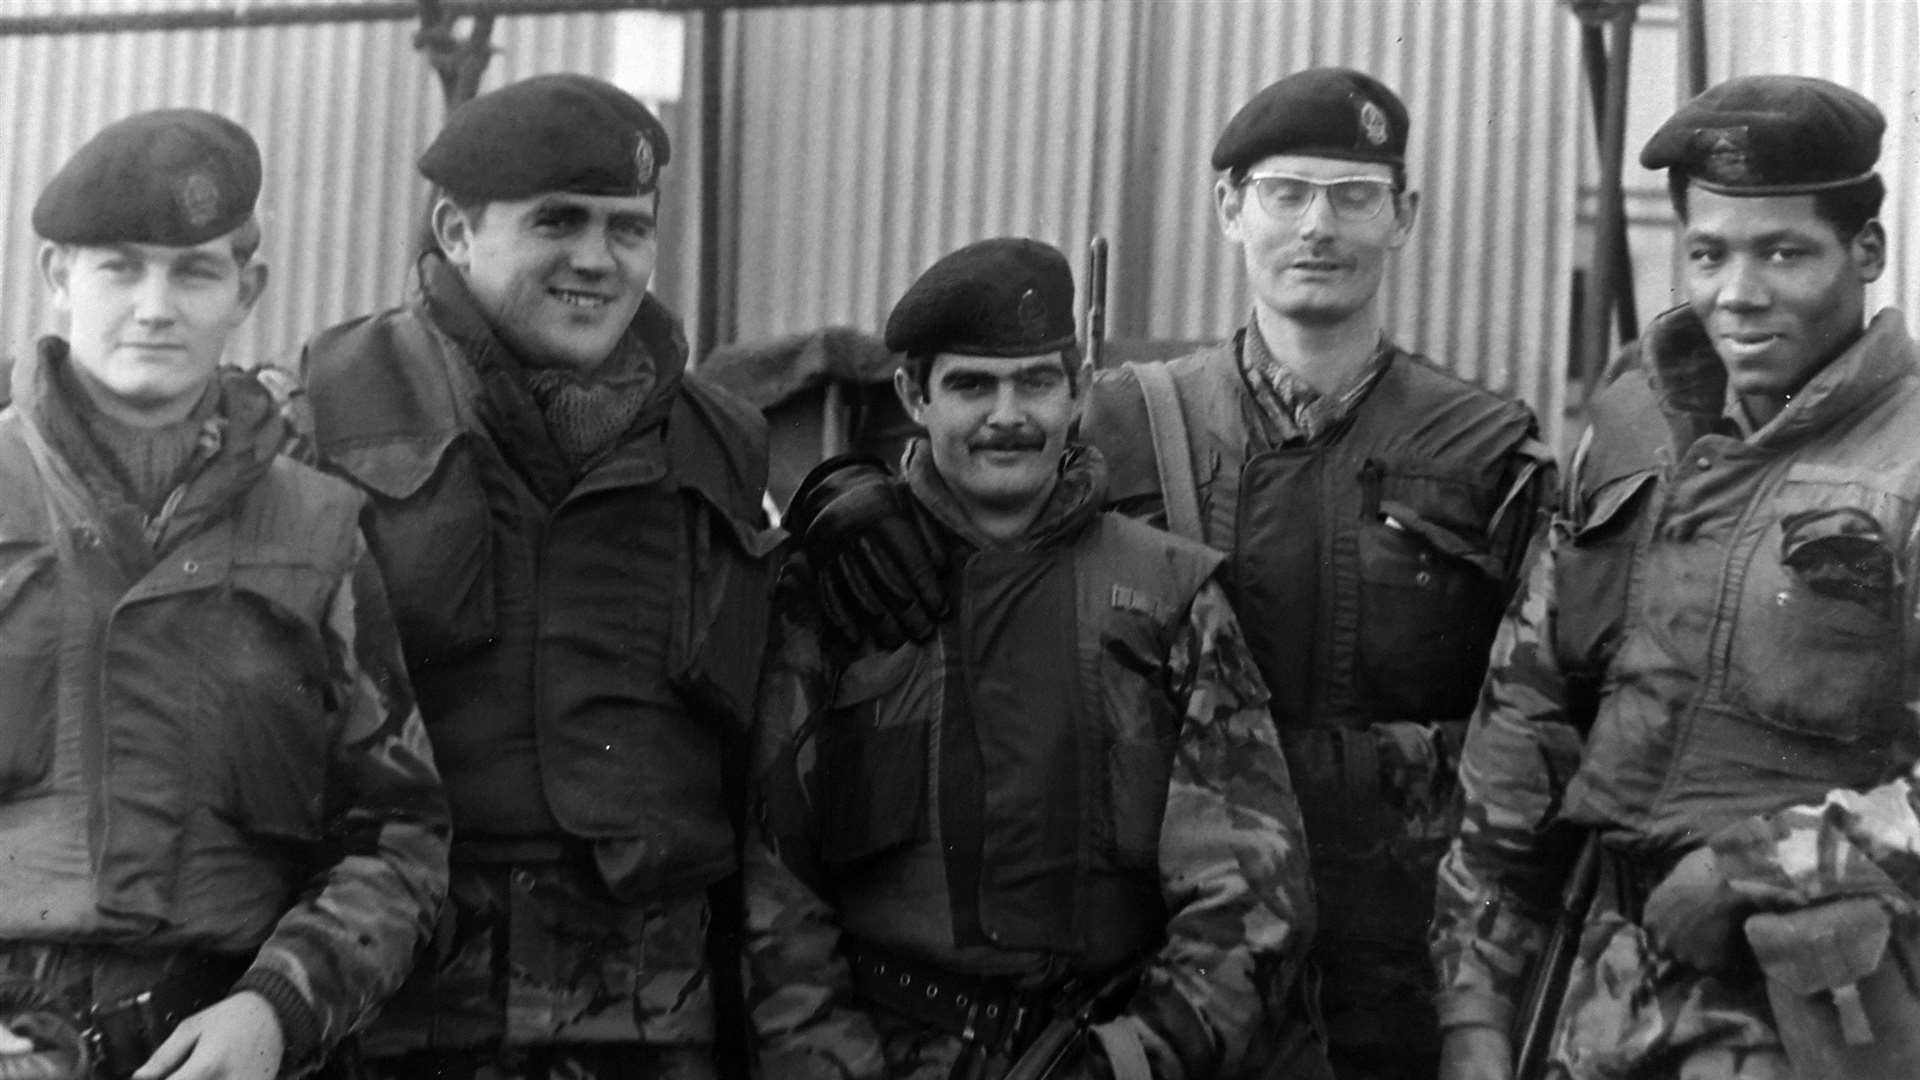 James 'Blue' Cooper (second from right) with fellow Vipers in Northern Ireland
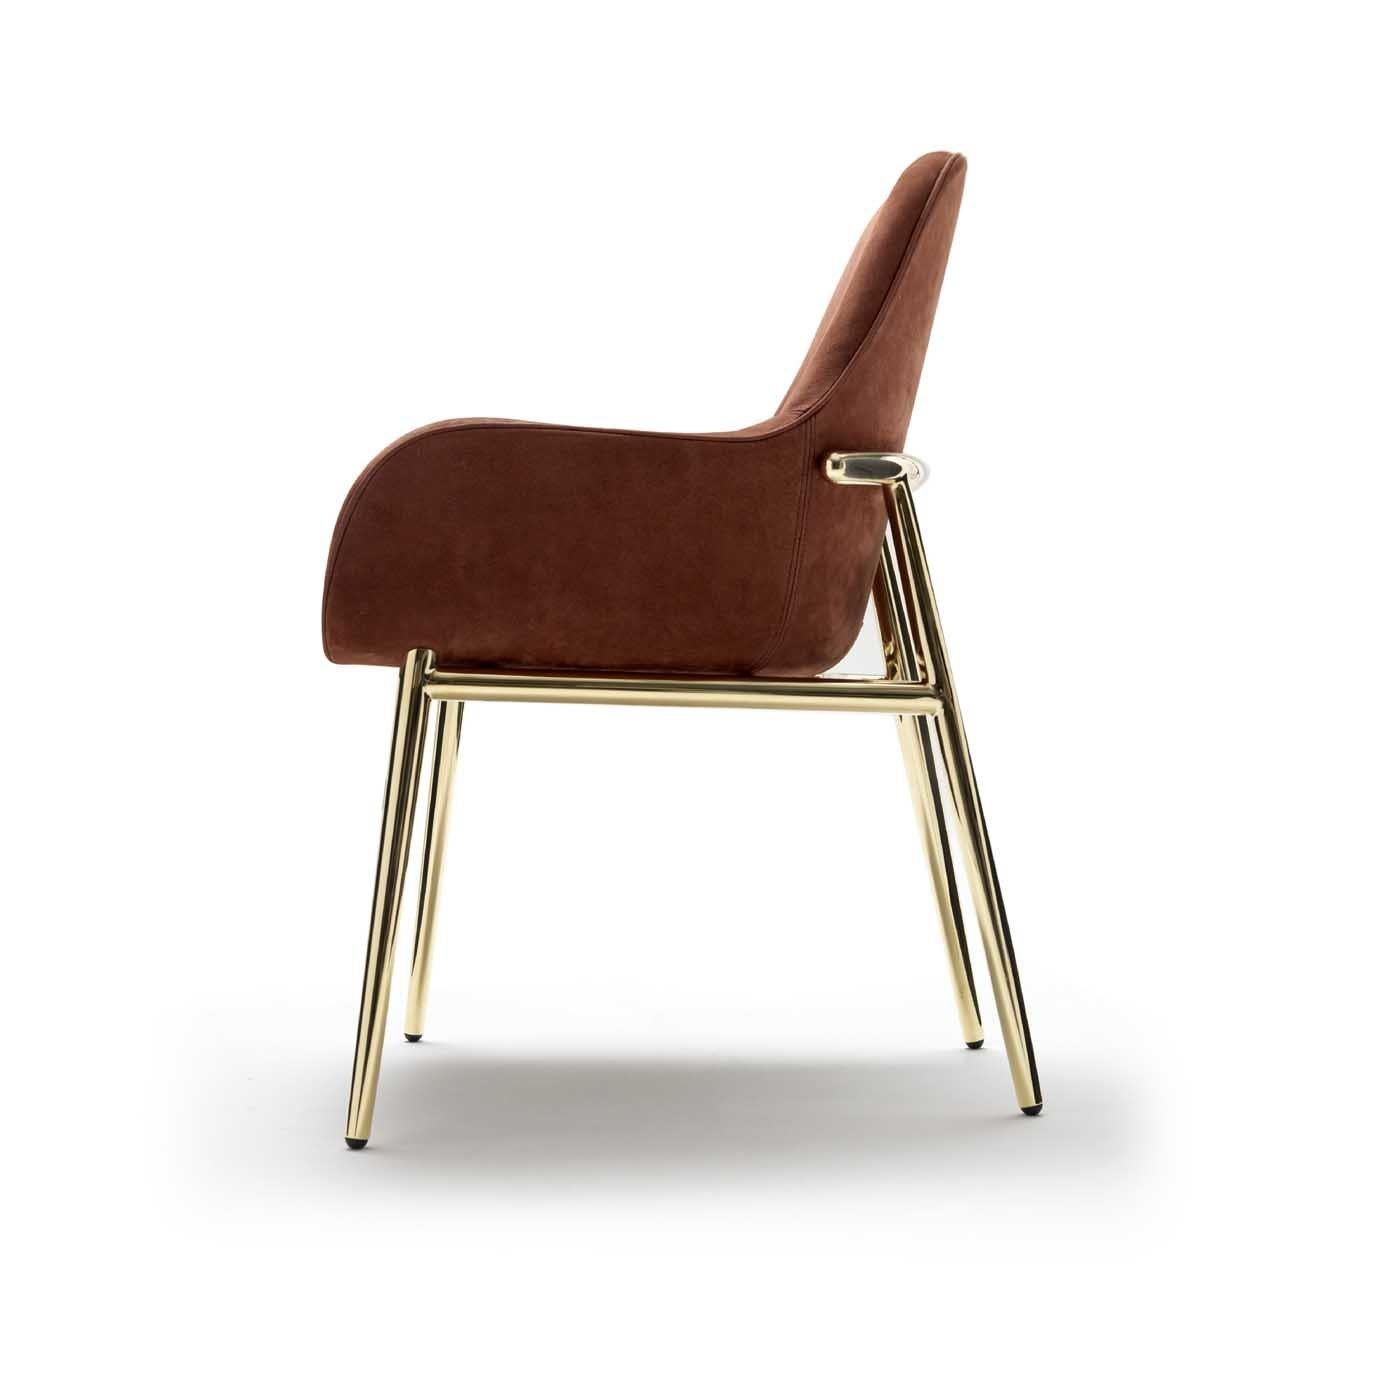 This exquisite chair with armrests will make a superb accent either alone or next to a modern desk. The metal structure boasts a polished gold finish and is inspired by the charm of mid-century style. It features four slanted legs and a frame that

• • •

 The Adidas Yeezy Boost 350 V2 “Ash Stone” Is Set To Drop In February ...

• • •

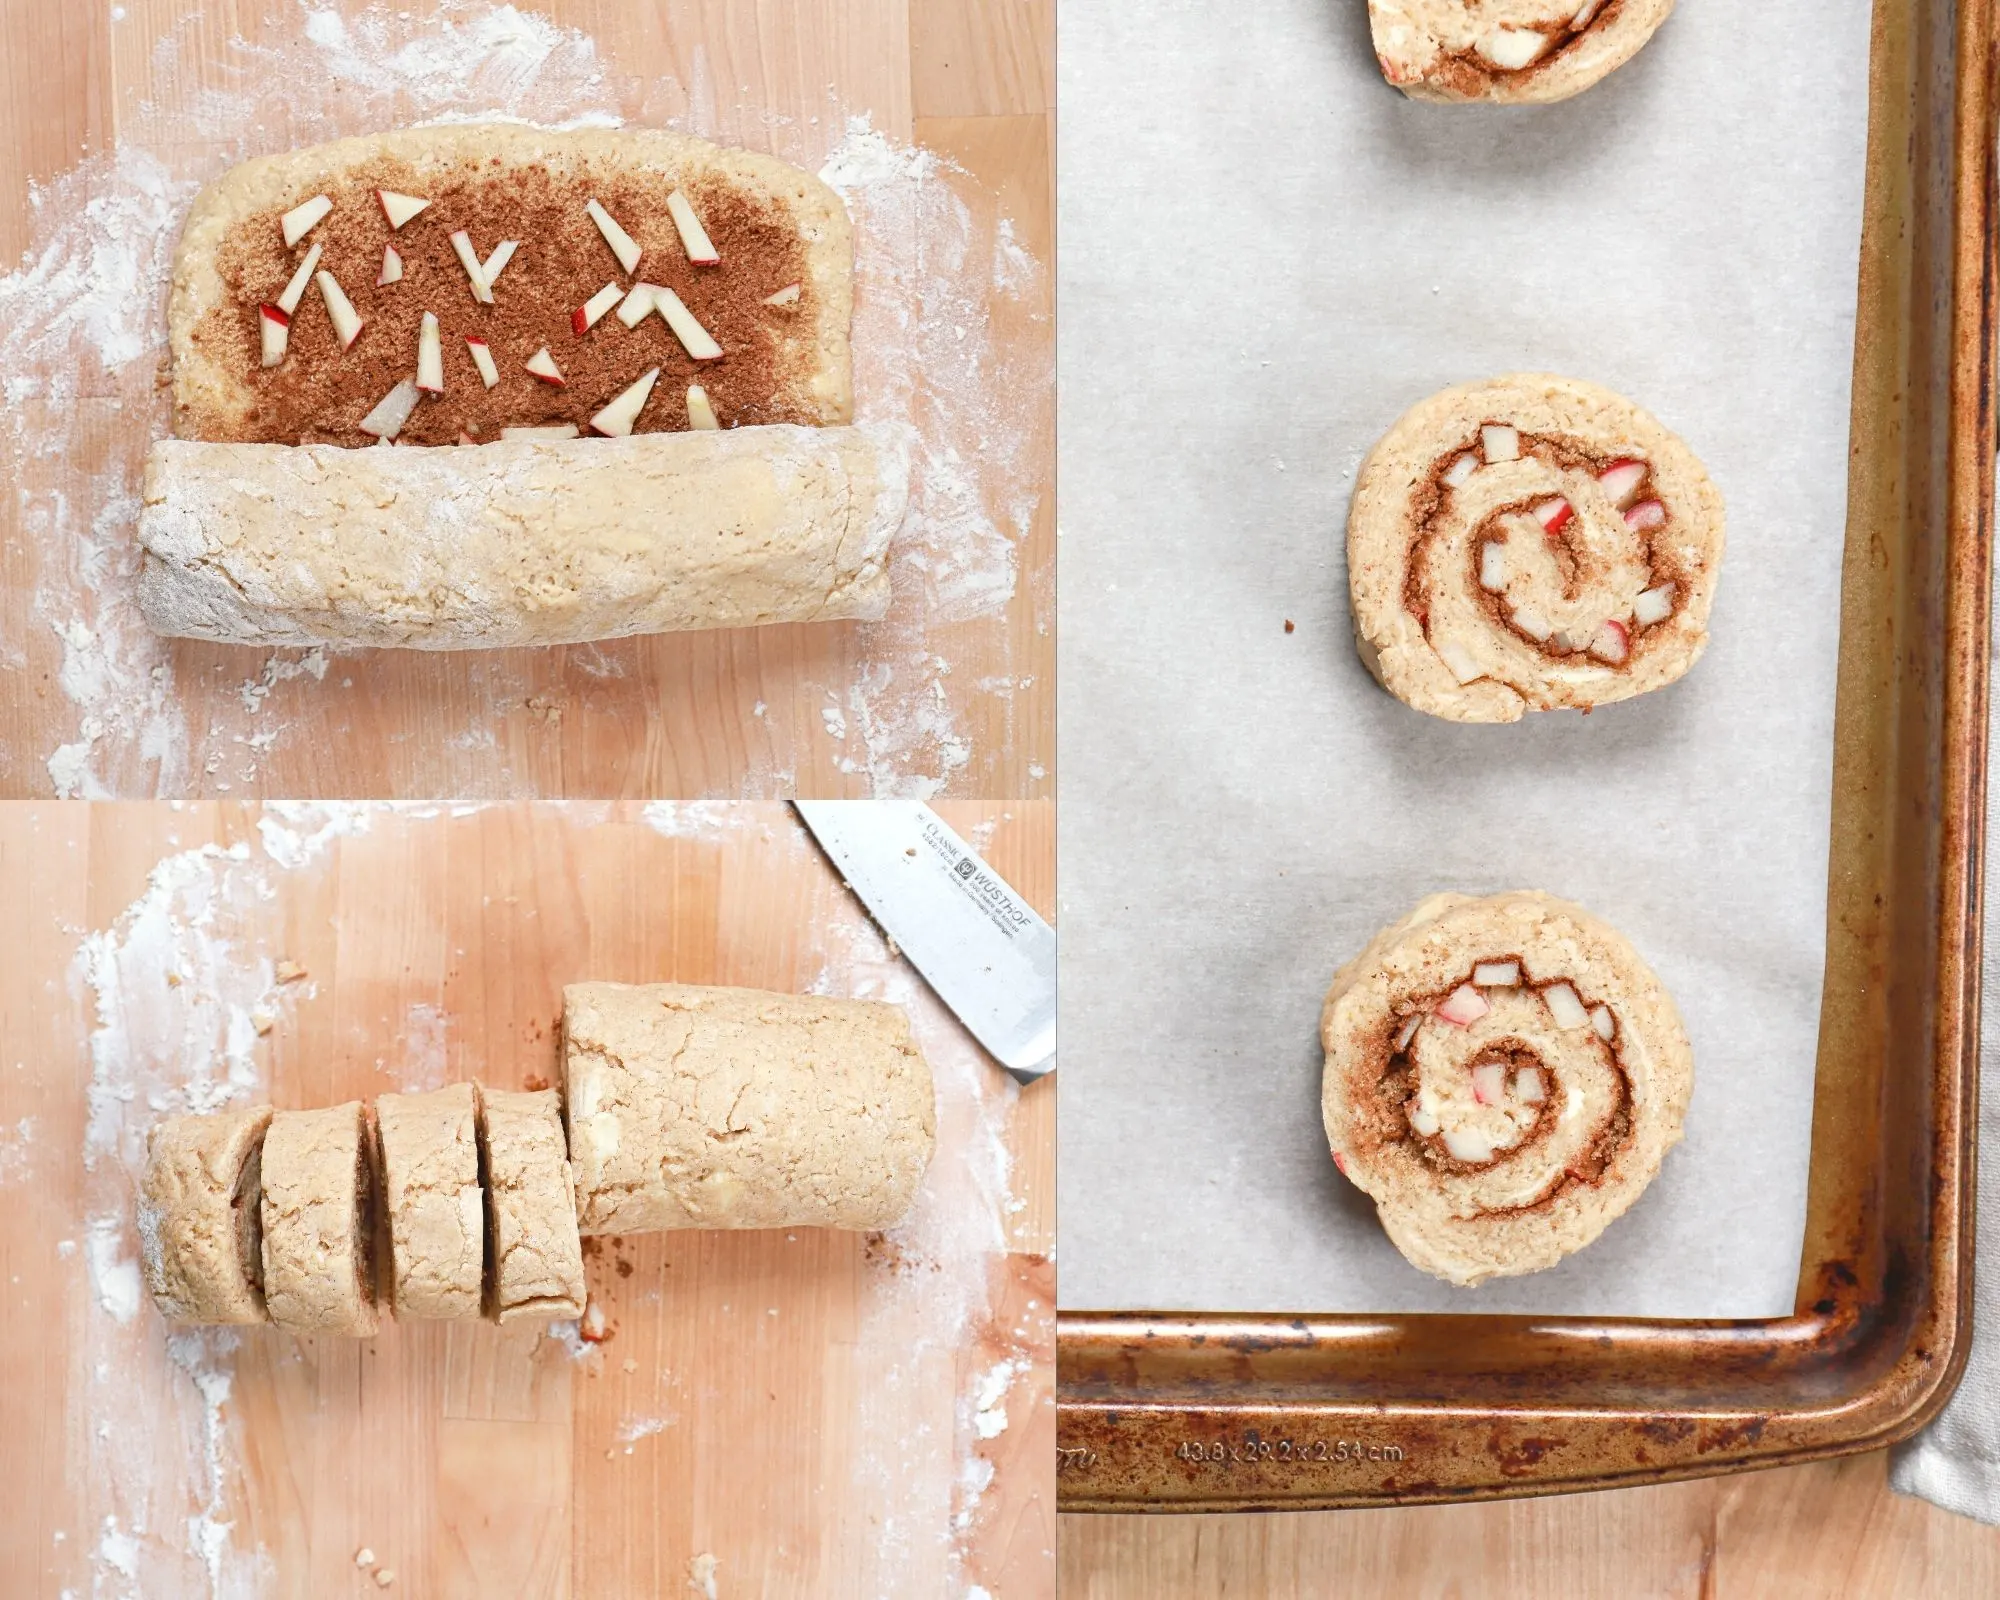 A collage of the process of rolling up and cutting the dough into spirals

• • •

What to do
Repeat the lines above exactly, beginning with the one containing "James 'Blue' Cooper" and finishing with the one containing "This exquisite chair". No pictures belong in the copy.

Completed task
 James 'Blue' Cooper (second from right) with fellow Vipers in Northern Ireland
 This exquisite chair with armrests will make a superb accent either alone or next to a modern desk. The metal structure boasts a polished gold finish and is inspired by the charm of mid-century style. It features four slanted legs and a frame that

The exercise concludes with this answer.